I left them in the reception area and walked back into the grounds. I felt a little petty for picking on Judd but I was tired and antsy and the mention of the name Caleb Kyle after all those years had thrown me. I stood on the grass and looked up at the stained, unlovely facade of the home. Emily Watts's room was at the western corner, top floor, according to Martel. The drapes were drawn and there were bird droppings on the window ledge. In the room beside it, a figure moved at the window and an elderly woman, her hair pulled back in a bun, watched me. I smiled at her but she didn't respond. When I drove away, I could see her in the rearview, still standing at the window, still watching.

I had planned to stay another day in Dark Hollow, since I hadn't yet spoken to Rand Jennings. The sight of his wife had stirred up feelings in me that had been submerged for a long time: anger, regret, the embers of some old desire. I remembered the humiliation of lying on the toilet floor as Jennings's kicks rained down on me, his fat friend snickering as he held the door closed. It surprised me, but part of me still wanted a confrontation with him after all that time.

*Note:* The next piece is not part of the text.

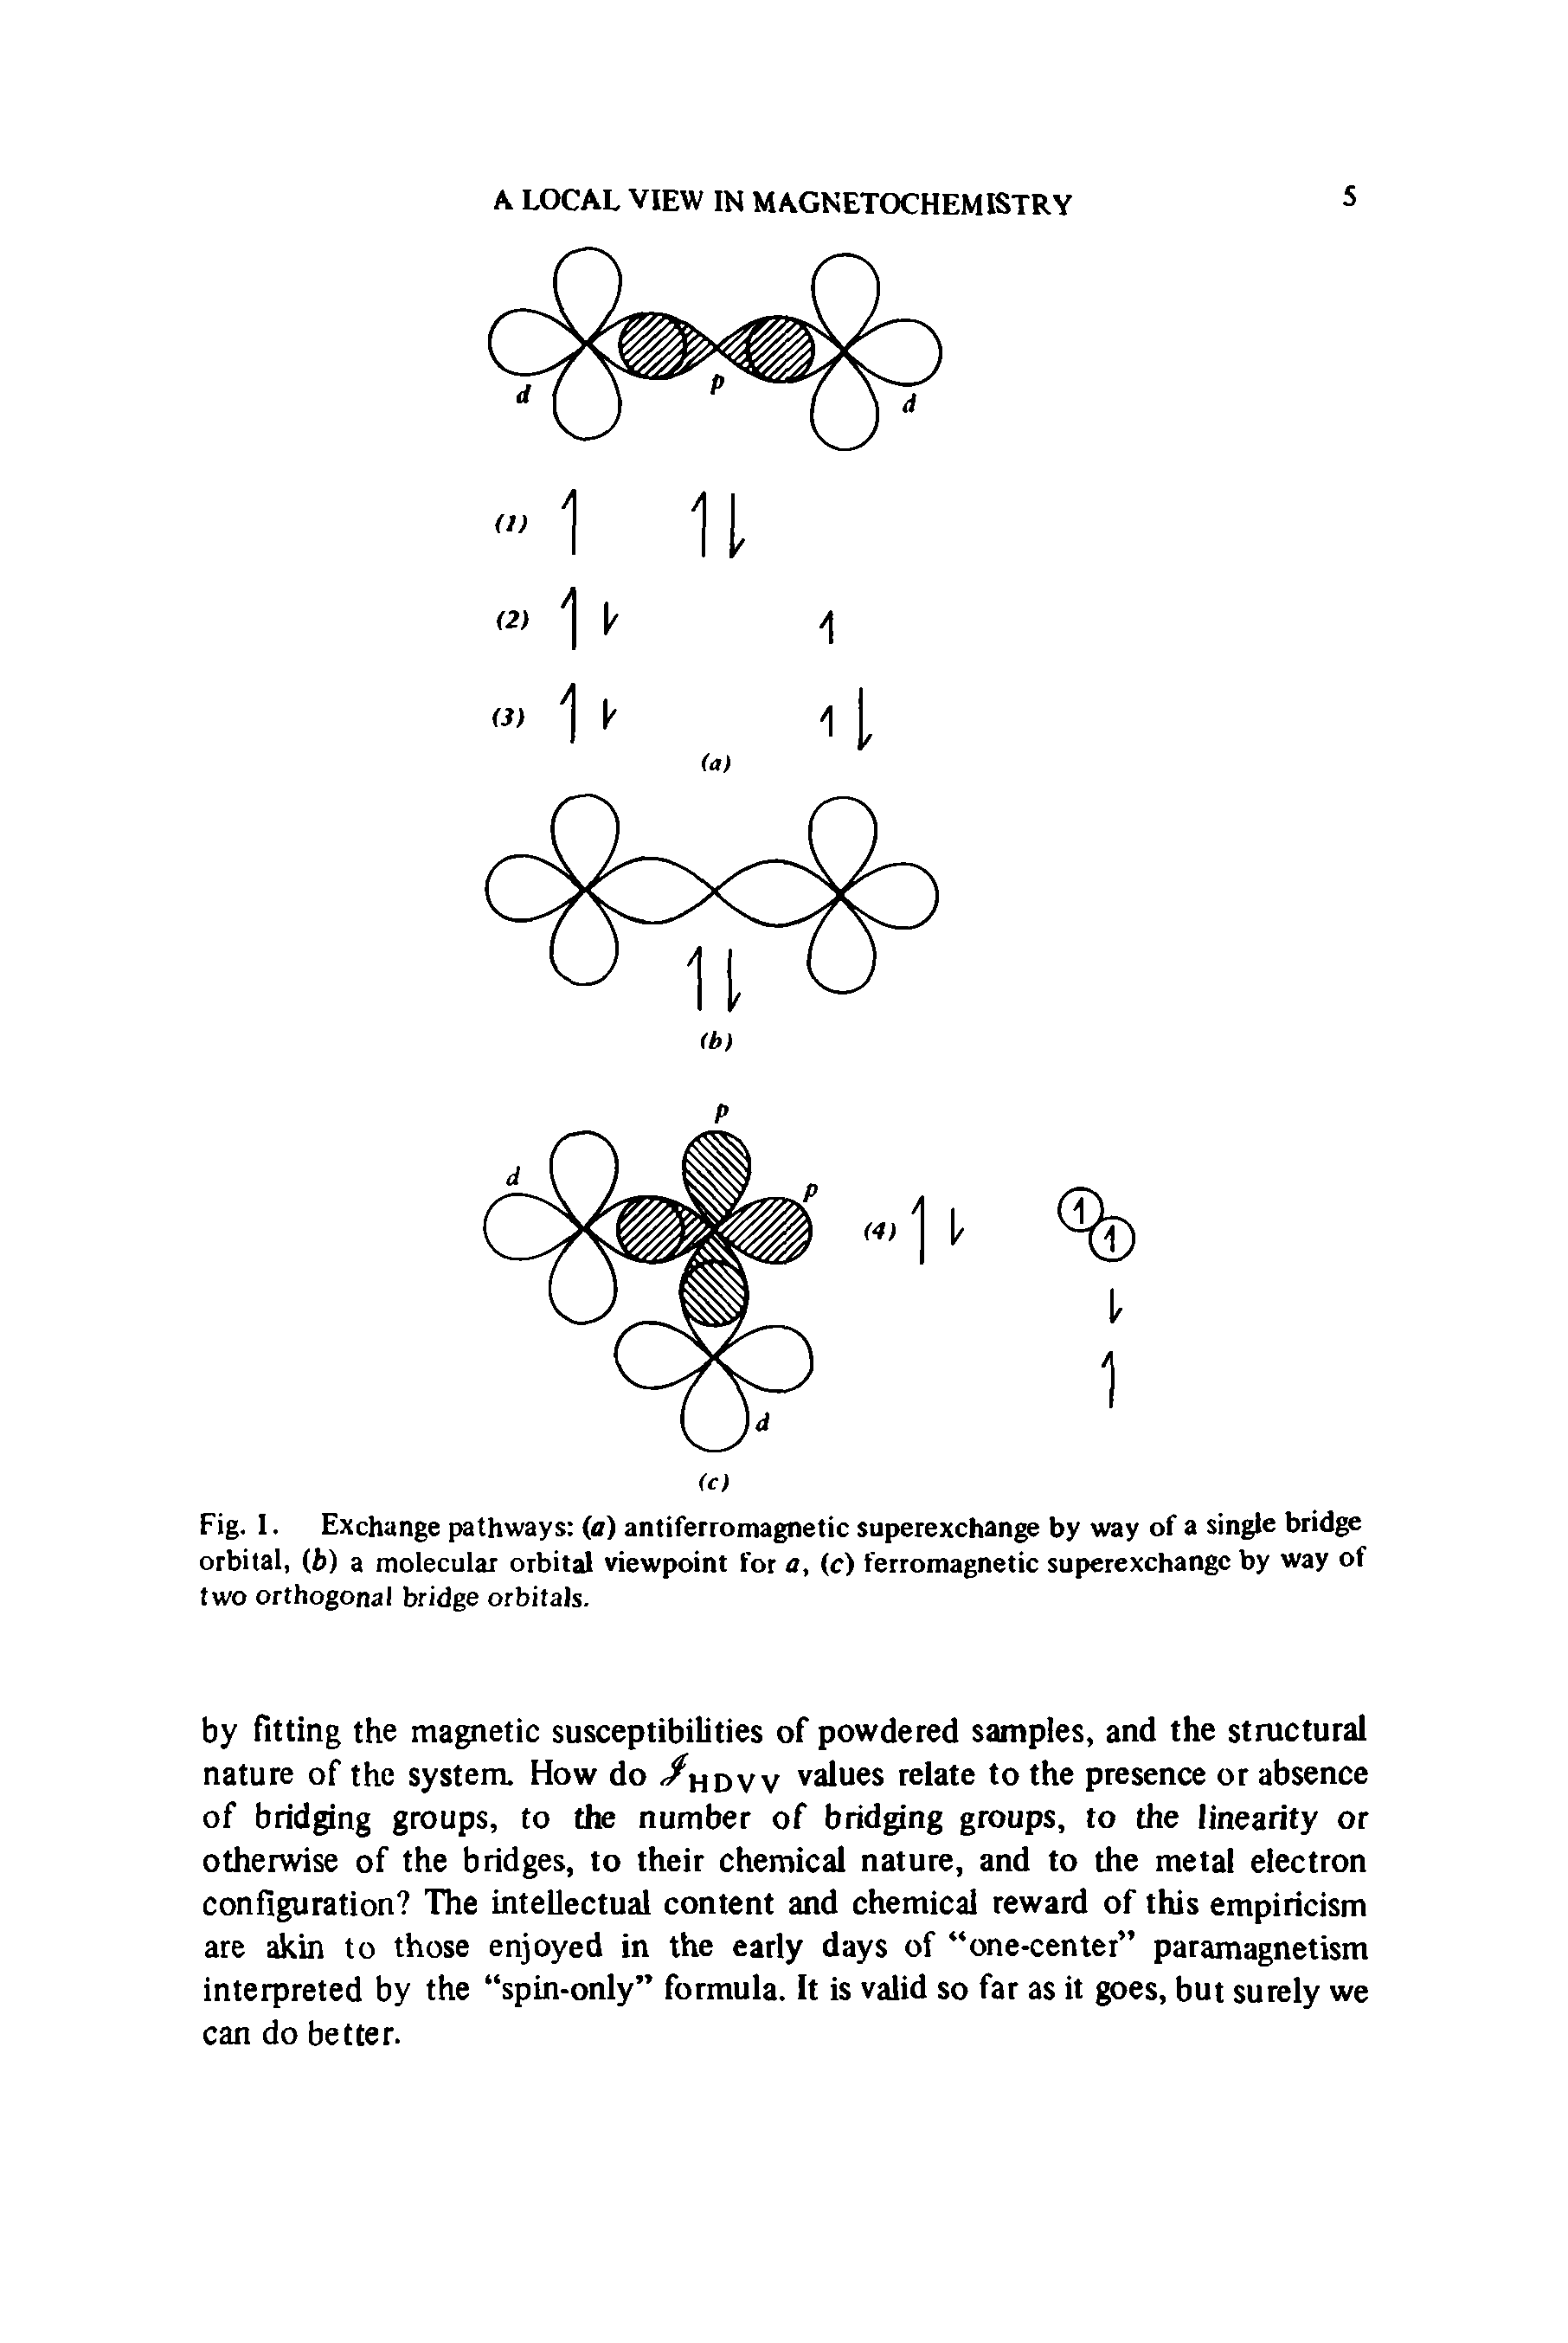 Fig. 1. Exchange pathways (a) antiferromagnetic superexchange by way of a single bridge orbital, (b) a molecular orbital viewpoint for a, (c) ferromagnetic superexchangc by way of two orthogonal bridge orbitals.

On my way back to the motel I tried to call Angel using the cell phone but I seemed to be out of range. I called him instead from a gas station, where I was told that Dark Hollow was a virtual black spot for cell phone communications due to ongoing problems with trees and aerials. The newly installed telephone in the Scarborough house rang five times before he eventually picked up.

"Yeah?"

"It's Bird. What's happening?"

"Lots, none of it good. While you've been doing your Perry Mason thing up north, Billy Purdue was spotted in a convenience store down here. He got away before the cops could pick him up but he's still in the city, somewhere."

"He won't be for long, now that he's been seen. What about Tony Celli?"

"Nothing, but the cops found the Coupe De Ville in an old barn out by Westbrook. Louis picked it up on the police band. Looks like the freak show ditched his wheels for something less showy."